#### WORK ORDER:
In the material below, begin at the line that has "Formal Einfach Kleid", stop after the line that has "Vintage wear ever", and transcribe those lines exactly, without pictures.

#### INFORMATION SUPPLIED:
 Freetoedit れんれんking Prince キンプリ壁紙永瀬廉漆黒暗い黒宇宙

* * *

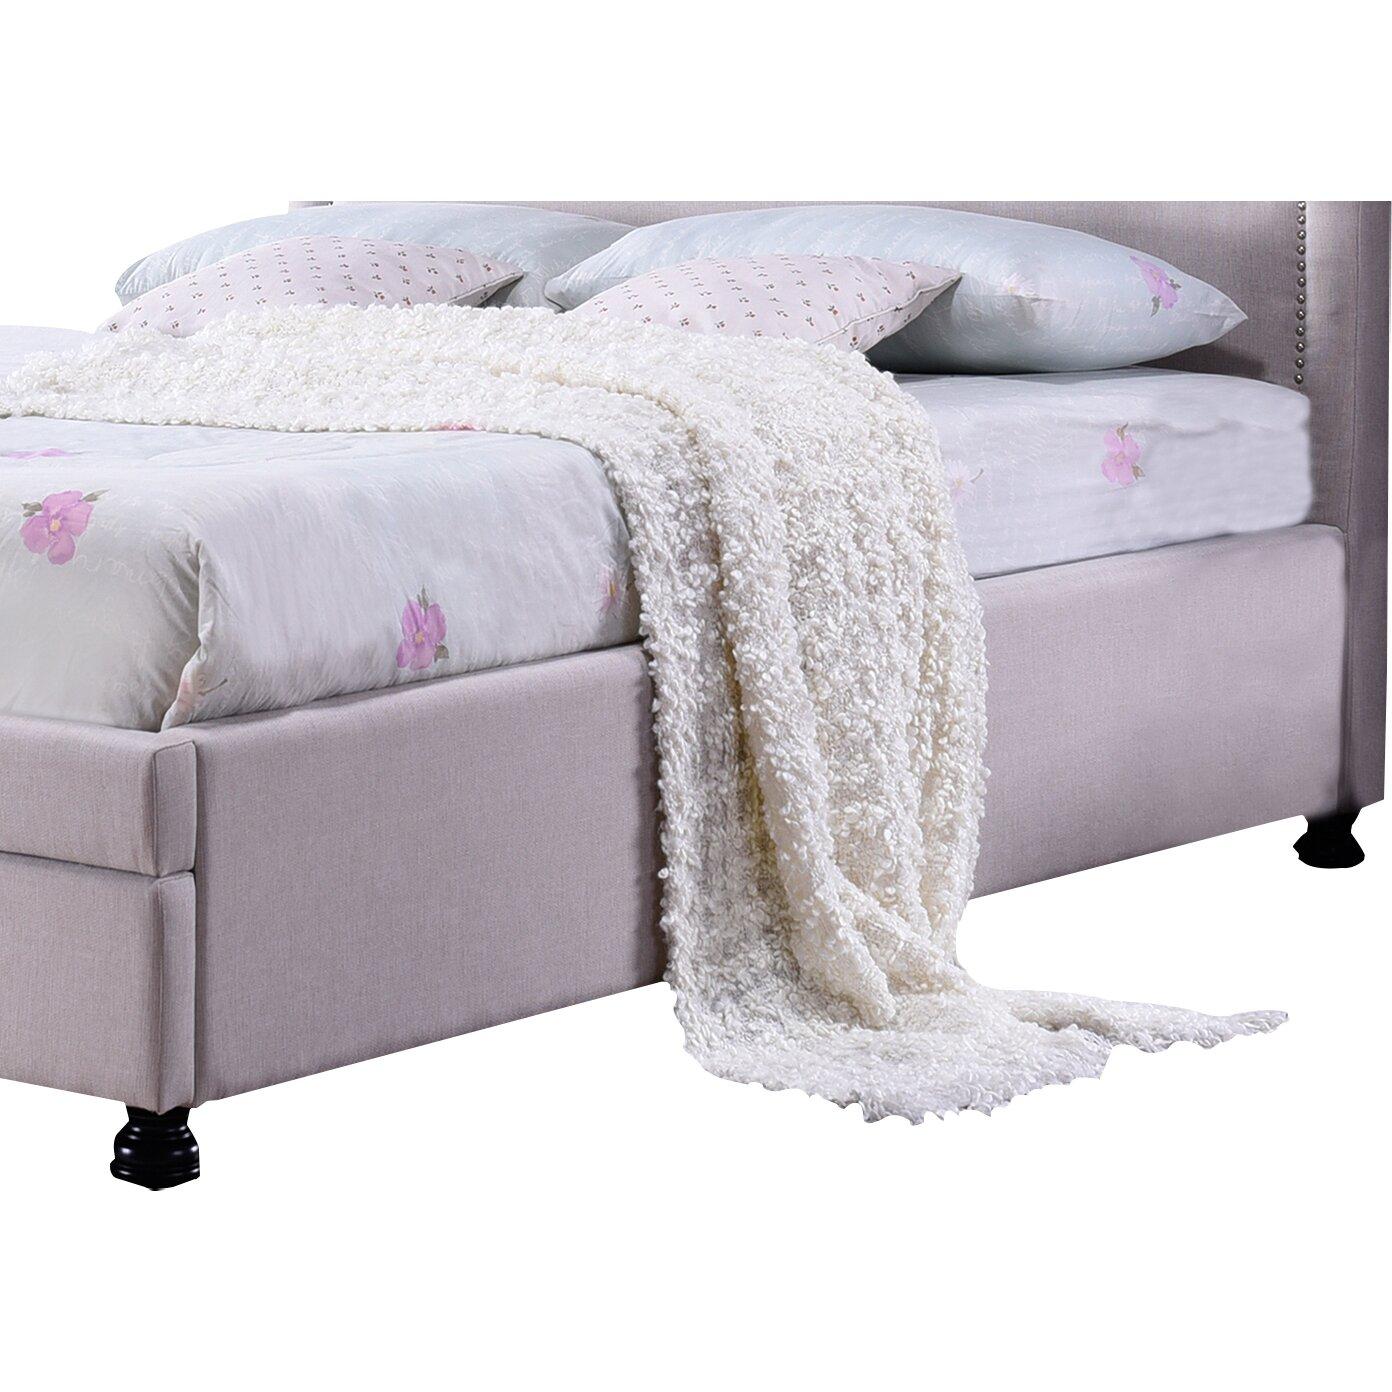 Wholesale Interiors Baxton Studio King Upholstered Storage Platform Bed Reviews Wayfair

==

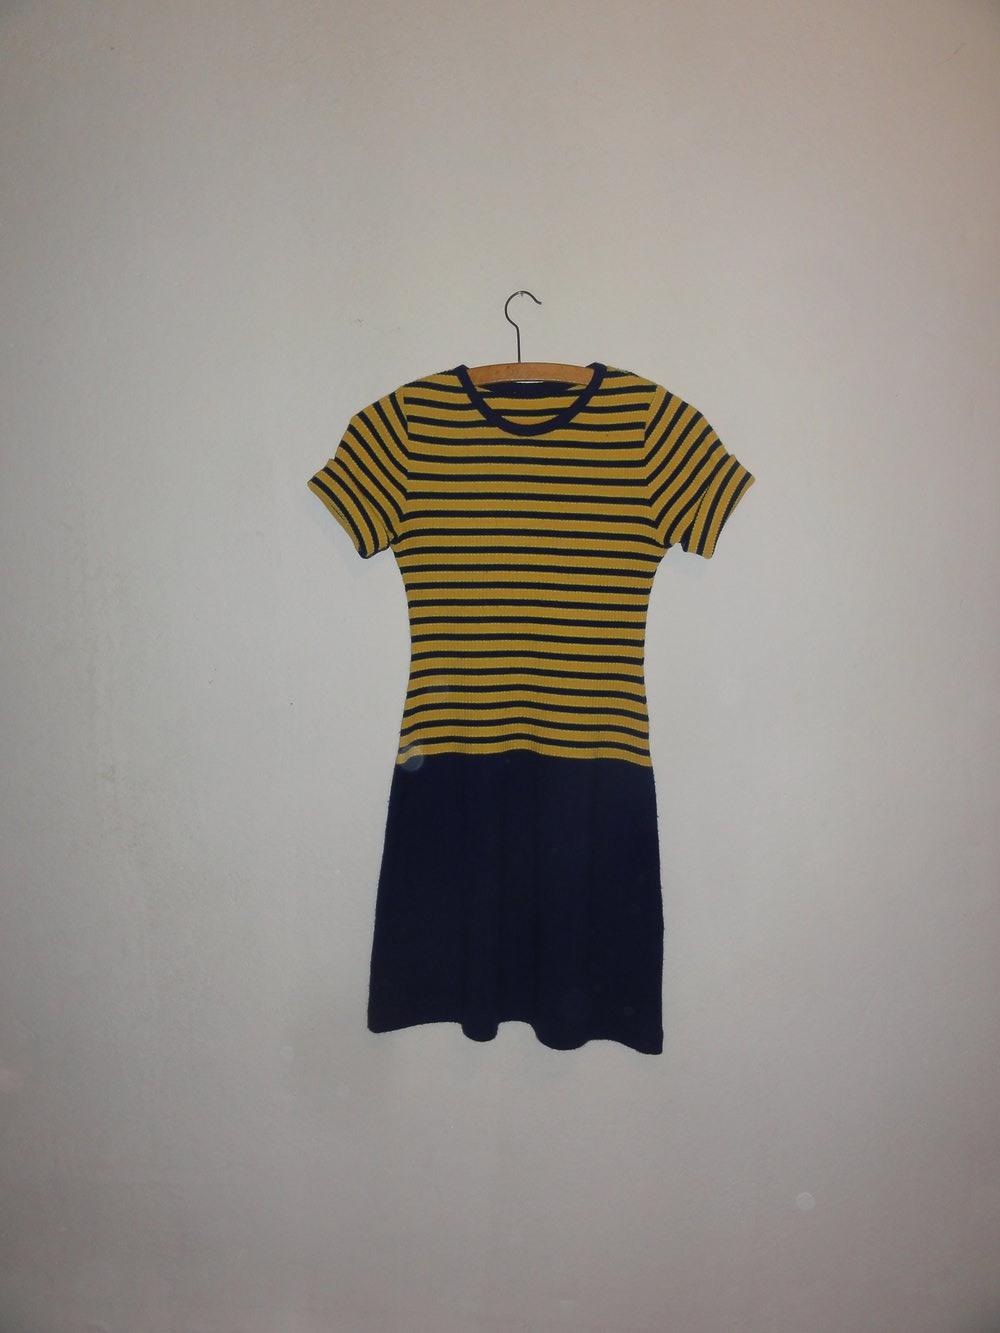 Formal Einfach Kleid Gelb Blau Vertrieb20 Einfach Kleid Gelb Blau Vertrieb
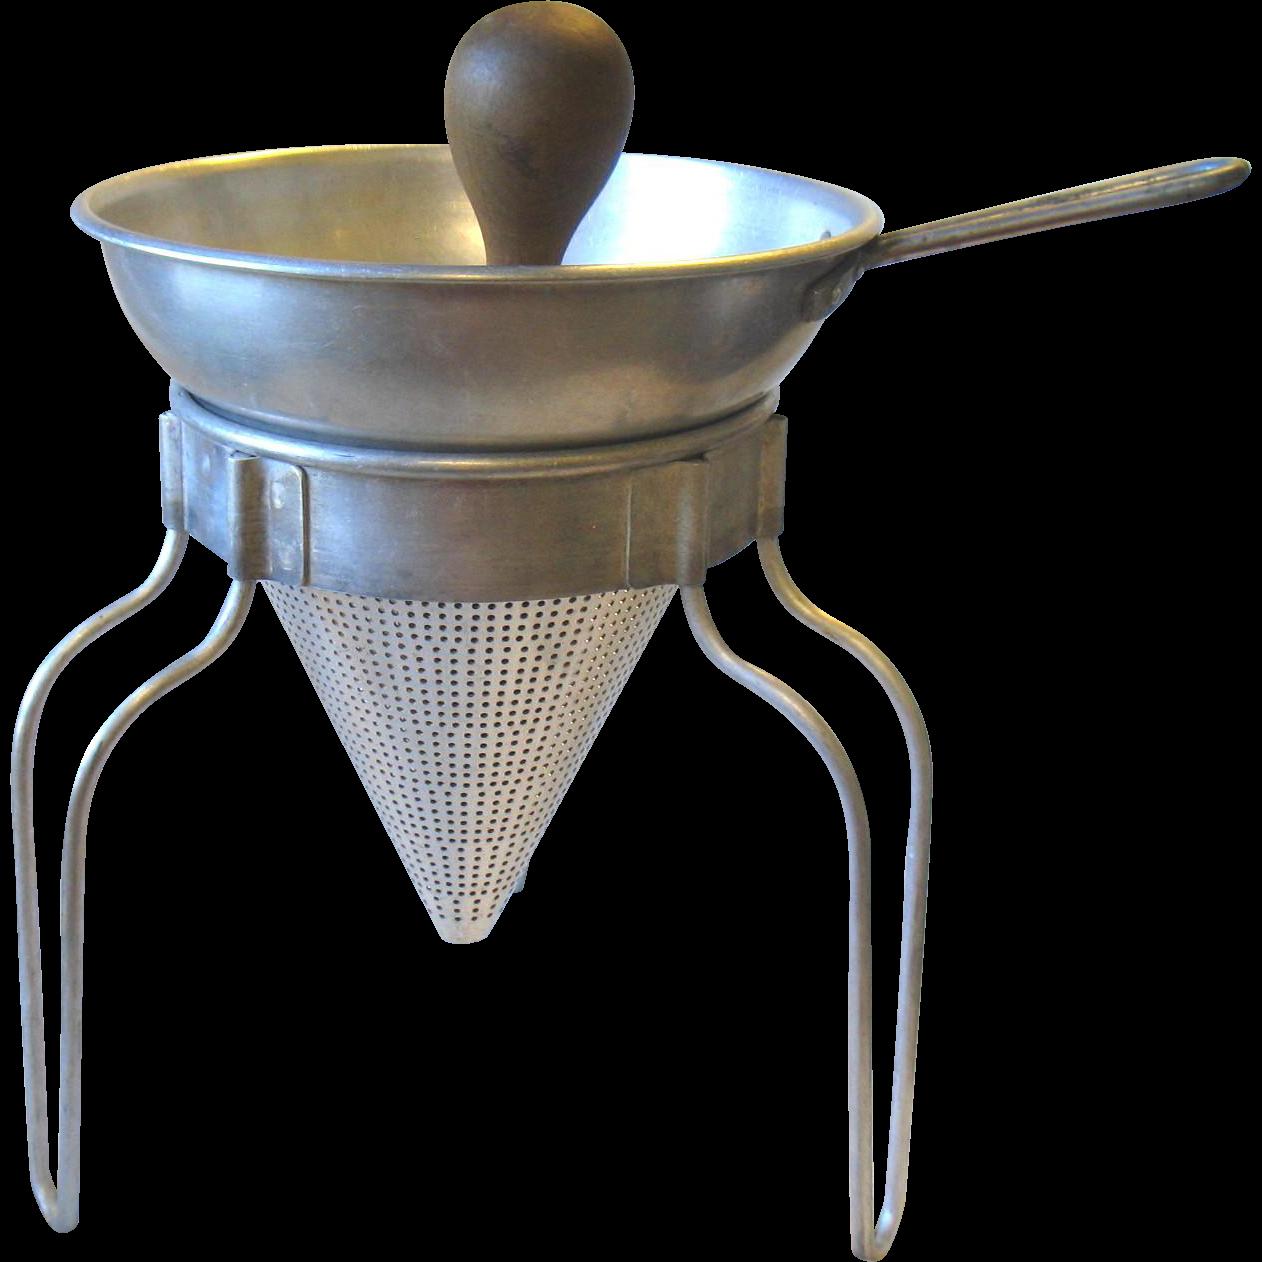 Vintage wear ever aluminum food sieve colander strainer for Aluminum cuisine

#### ANSWER BOX:
 Formal Einfach Kleid Gelb Blau Vertrieb20 Einfach Kleid Gelb Blau Vertrieb
 Vintage wear ever aluminum food sieve colander strainer for Aluminum cuisine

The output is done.